Mobile Apps Are Hot, But Don’t Forget Emerging Markets

The mobile application economy will be worth $17.5 billion by 2012, according to a report released this morning from analyst Chetan Sharma — surpassing that of the worldwide market for CDs. But while all eyes here in the West are focused on the iPhone (s aapl) and Android (s goog) devices, much of the expected growth will come from users in emerging markets with less sophisticated handsets.
The 19-page document, which was commissioned by the UK app retailer GetJar, found that Asia was the top worldwide market for overall download share in 2009, while North American users accounted for more than 50 percent of total global mobile app revenues. That will change in the next several years, however, as the region comprised of the Middle East and Africa overtake North America to become the world’s largest market for mobile app revenues by 2012.

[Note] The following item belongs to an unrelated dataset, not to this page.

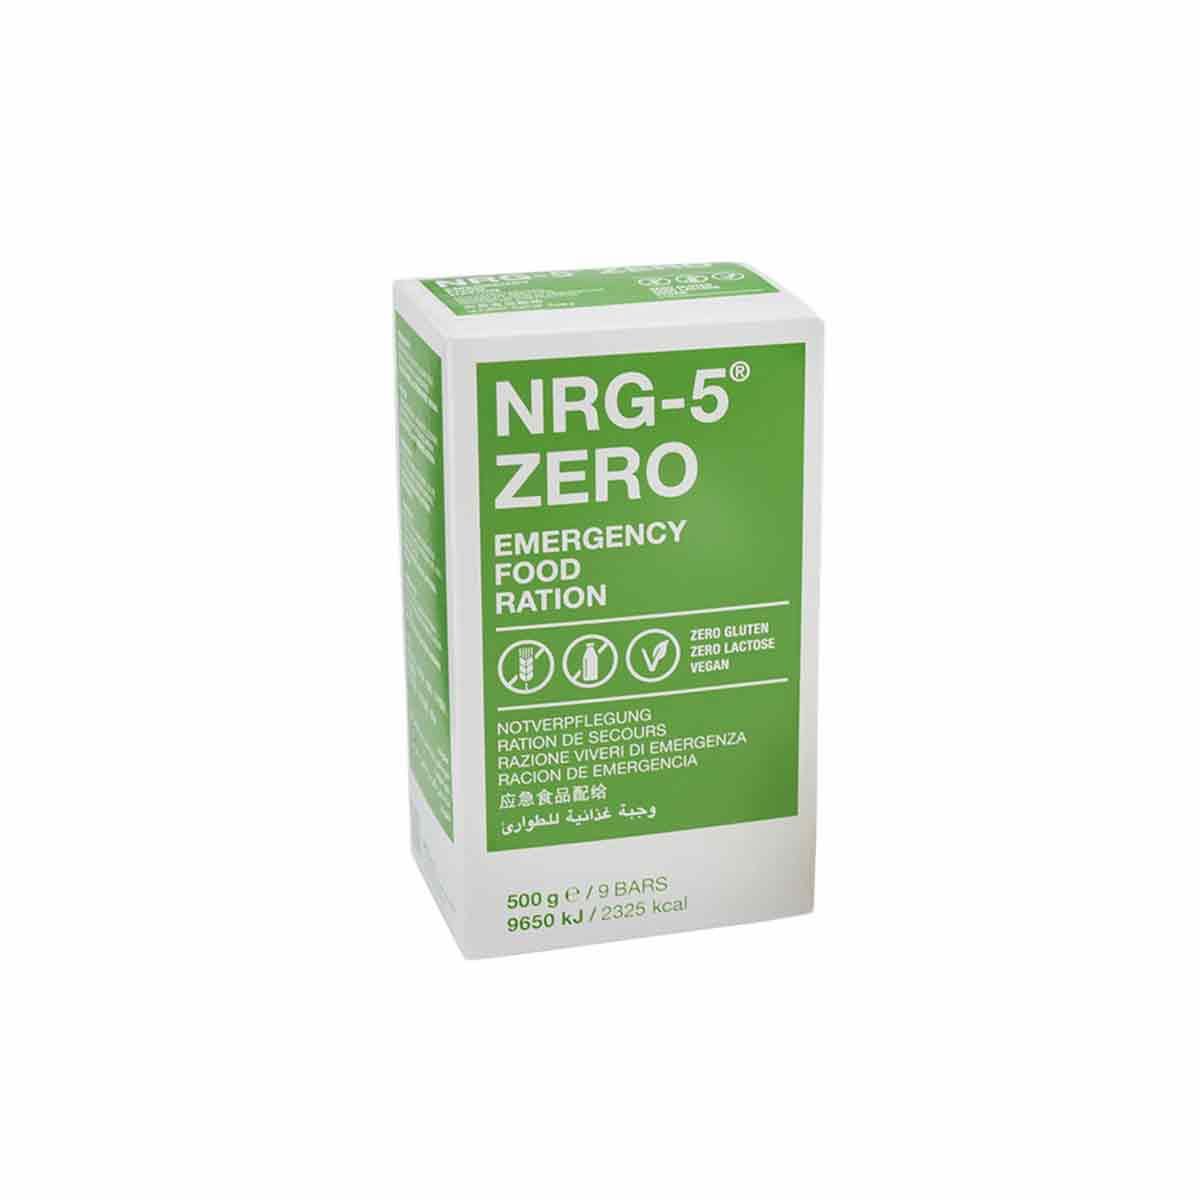 Ración de emergencia NRG-5 ZERO sin gluten - 15 años

But unlike North America, where users with high-end smartphones are happy to plunk down a few dollars for a time-killing casual game, growth in emerging markets will lean more heavily on productivity apps used by consumers who don’t have regular fixed-line Internet service. And app developers and distributors will be tasked with finding ways to monetize their wares beyond simple one-off purchases.
“The thing you have to keep in mind when talking about emerging markets is that in places like India, 90-95 percent of consumers are on prepaid cards,” so the concept of paying for mobile content over the phone is nonexistent, Patrick Mork, who heads up marketing for GetJar, told me last week. “But in India (the market for mobile applications is completely different. Some of the social networking brands are still big, but apps there are much more focused on productivity — things like Opera Mini and things to protect your phone like anti-virus apps.”
So while jiggling body parts and fart simulators can be quick money-makers in the West, developers and retailers in other markets would do well to offer apps similar to the stuff we use on PCs. They’d also do well to experiment with advertising and other ways to monetize those apps.